**Task statement**
Here is a listing, set out below; repeat its lines from the one with "Green Yellow Summer" to the last, both included, and leave out the pictures.

**Supplied data**
BEGIN
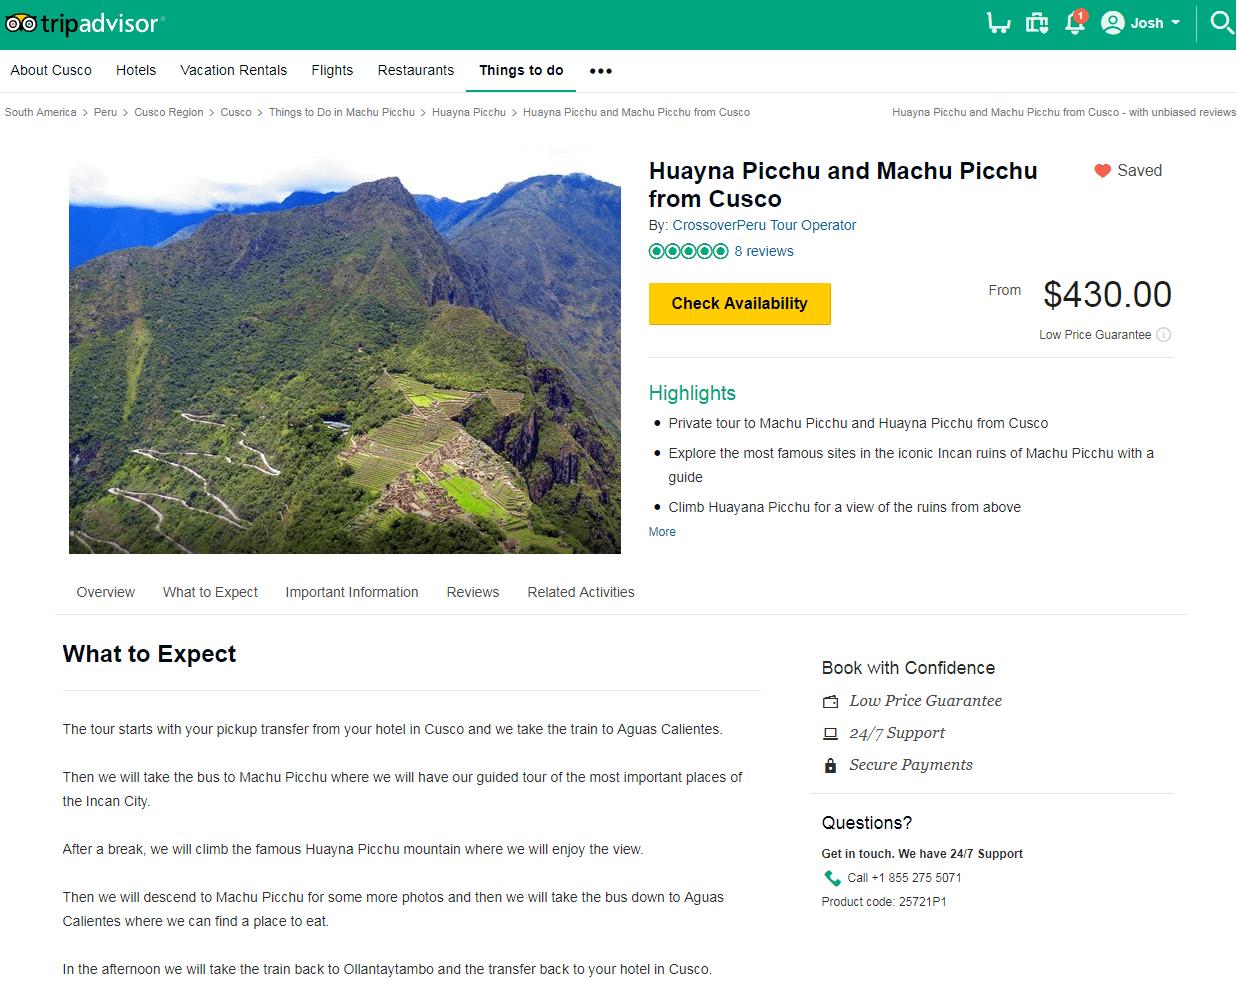 Huayna Picchu and Machu Picchu from Cusco.png
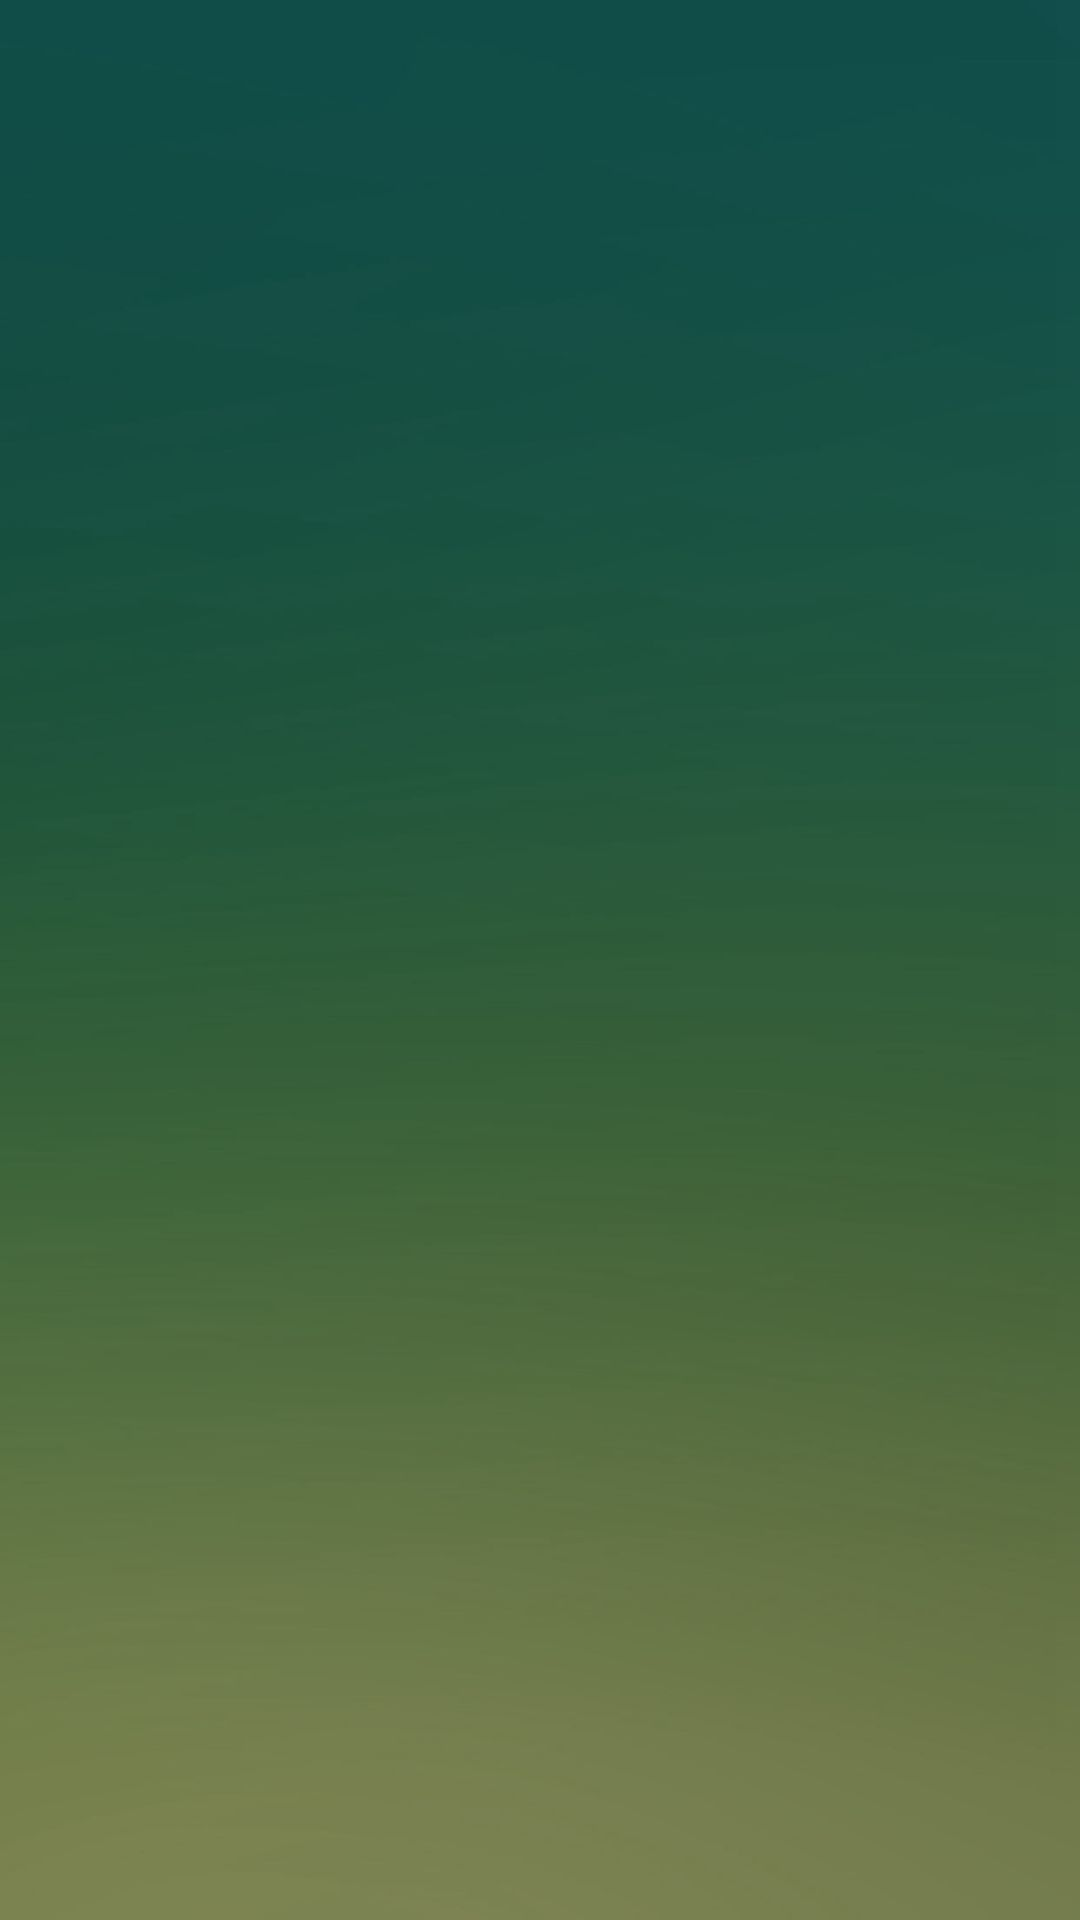 Green Yellow Summer Gradation Blur Iphone 6 Wallpaper Download Iphone Wallpapers Ipad Wallpapers One Stop Download Latar Belakang Warna Solid Warna Gambar
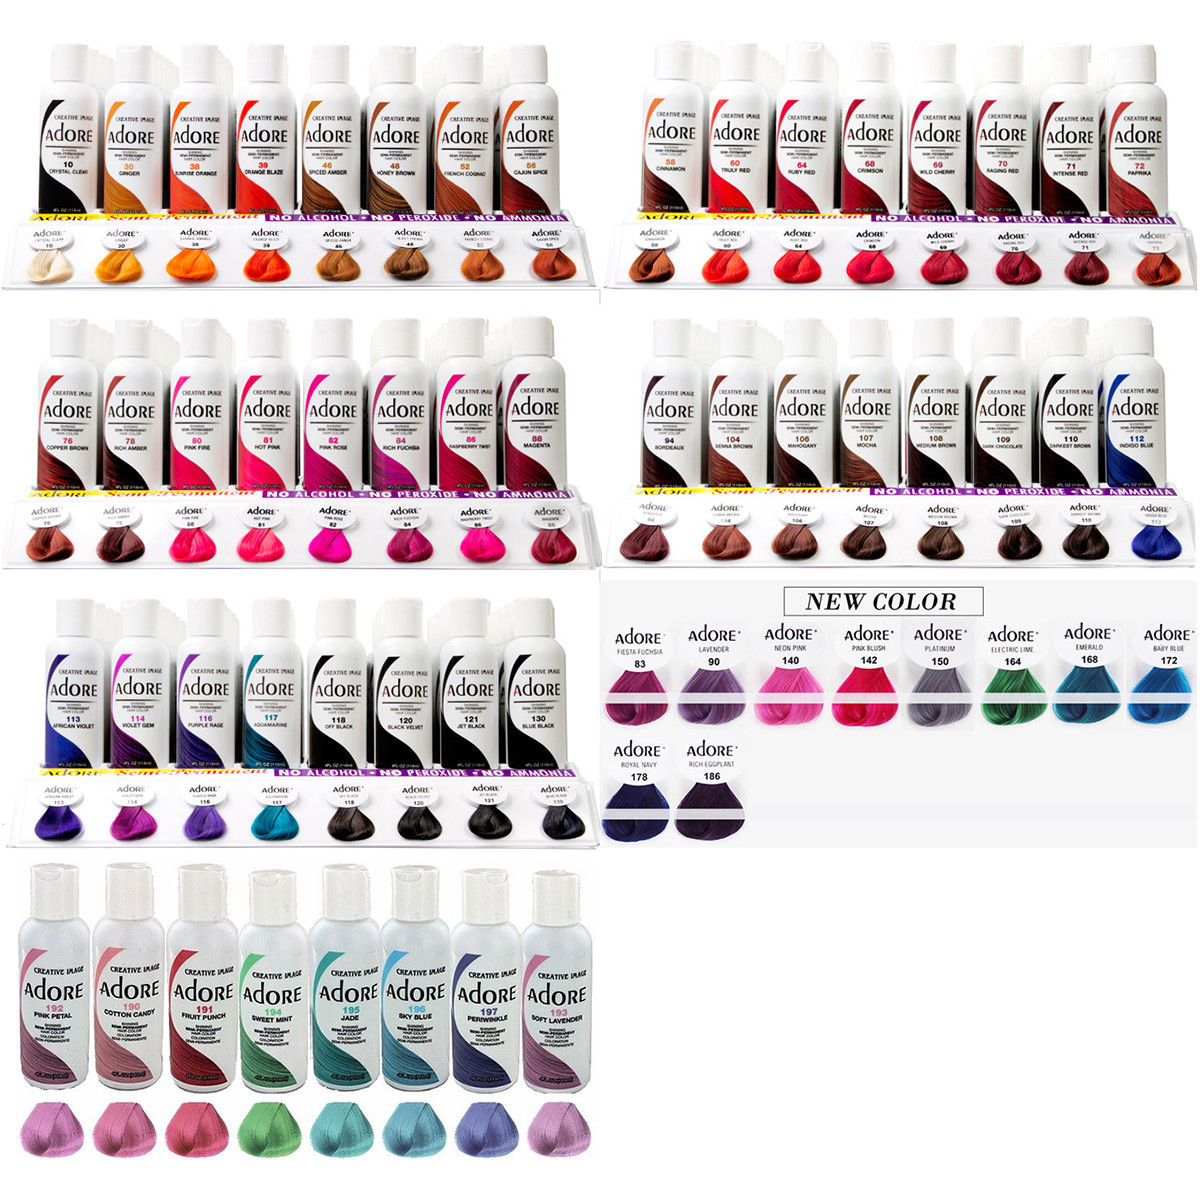 Park Art My WordPress Blog_Adore Semi Permanent Hair Color Chart
END
**Exercise output**
 Green Yellow Summer Gradation Blur Iphone 6 Wallpaper Download Iphone Wallpapers Ipad Wallpapers One Stop Download Latar Belakang Warna Solid Warna Gambar
 Park Art My WordPress Blog_Adore Semi Permanent Hair Color Chart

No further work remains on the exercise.